Start of Data extract

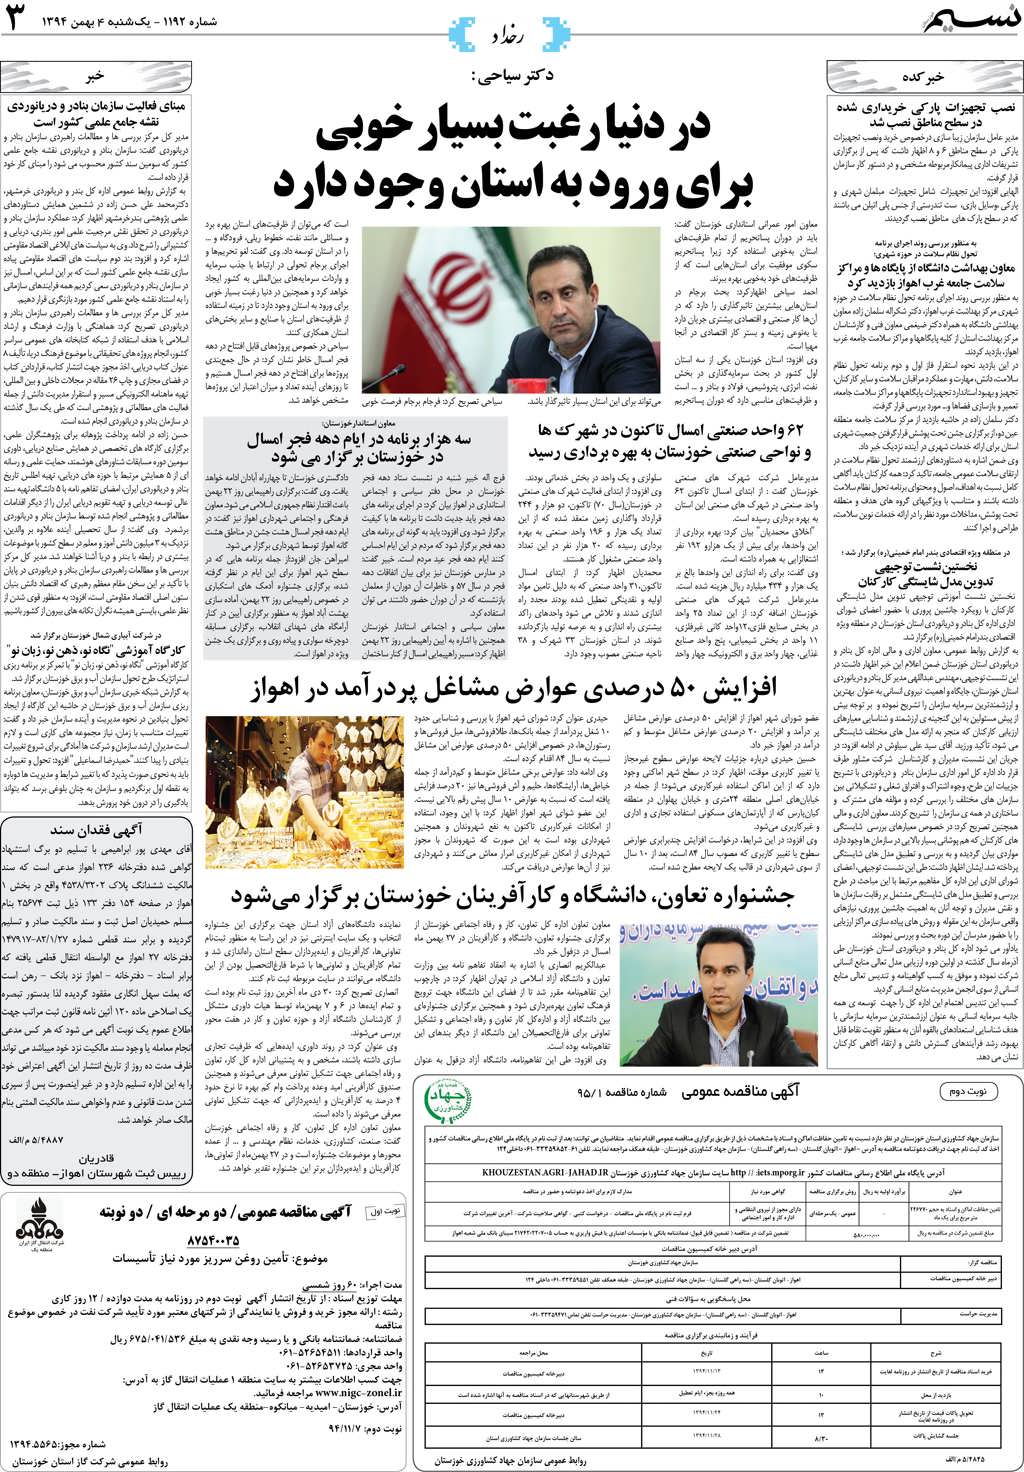 صفحه رخداد روزنامه نسیم شماره 1192
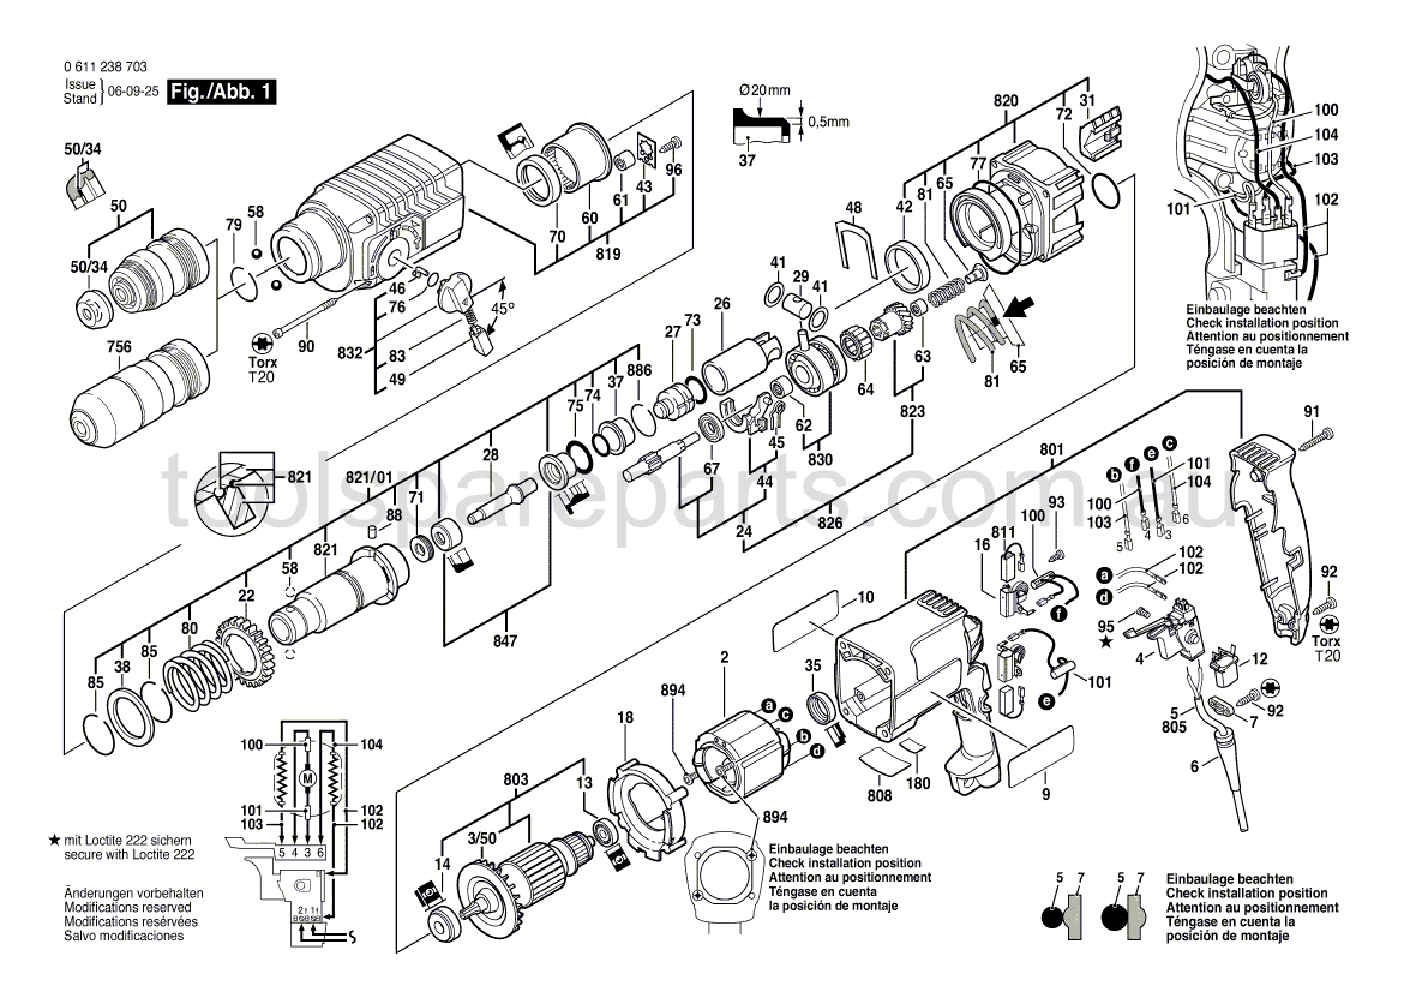 Bosch GBH 2-24 DFR 0611238737  Diagram 1
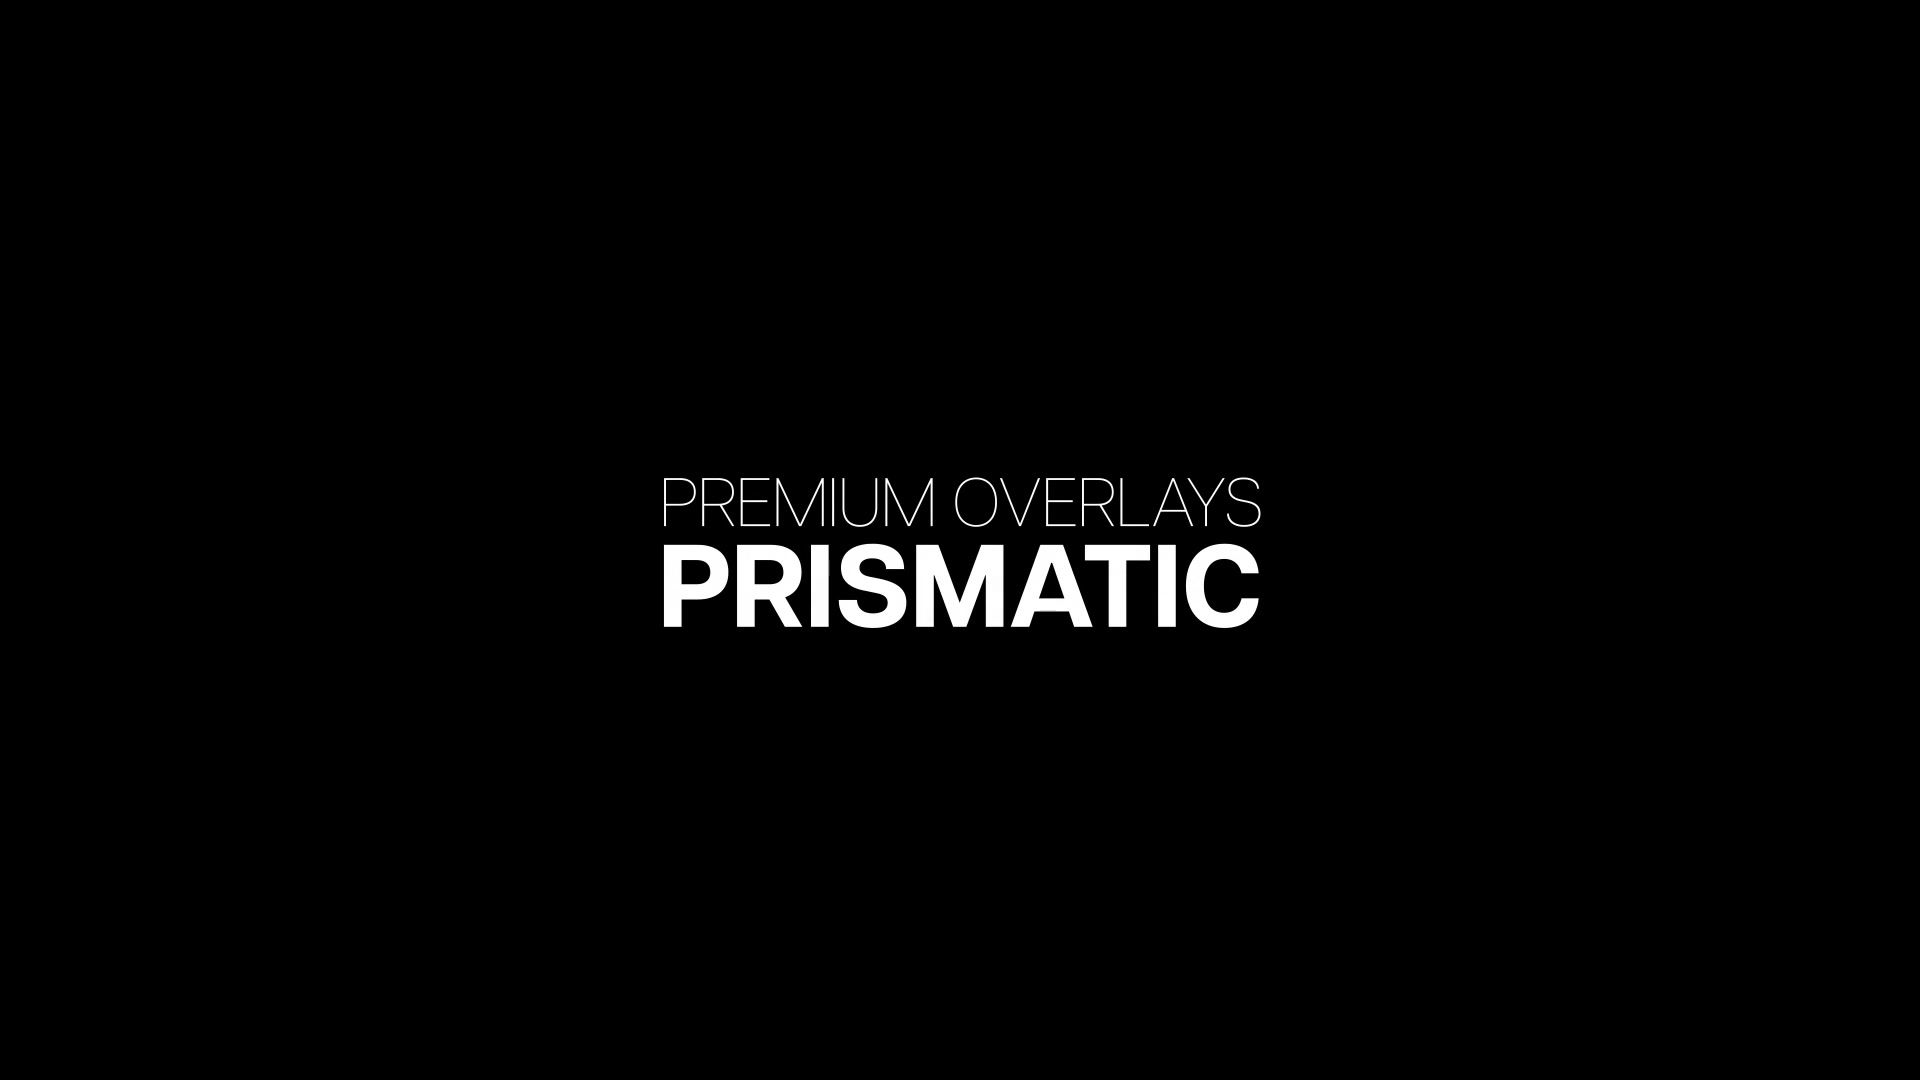 Premium Overlays Prismatic Videohive 39899003 Premiere Pro Image 13

End of Data extract

# [Brief]
Write out each line of the data exactly; the images should be left out.

# [Output below]
 صفحه رخداد روزنامه نسیم شماره 1192
 Bosch GBH 2-24 DFR 0611238737  Diagram 1
 Premium Overlays Prismatic Videohive 39899003 Premiere Pro Image 13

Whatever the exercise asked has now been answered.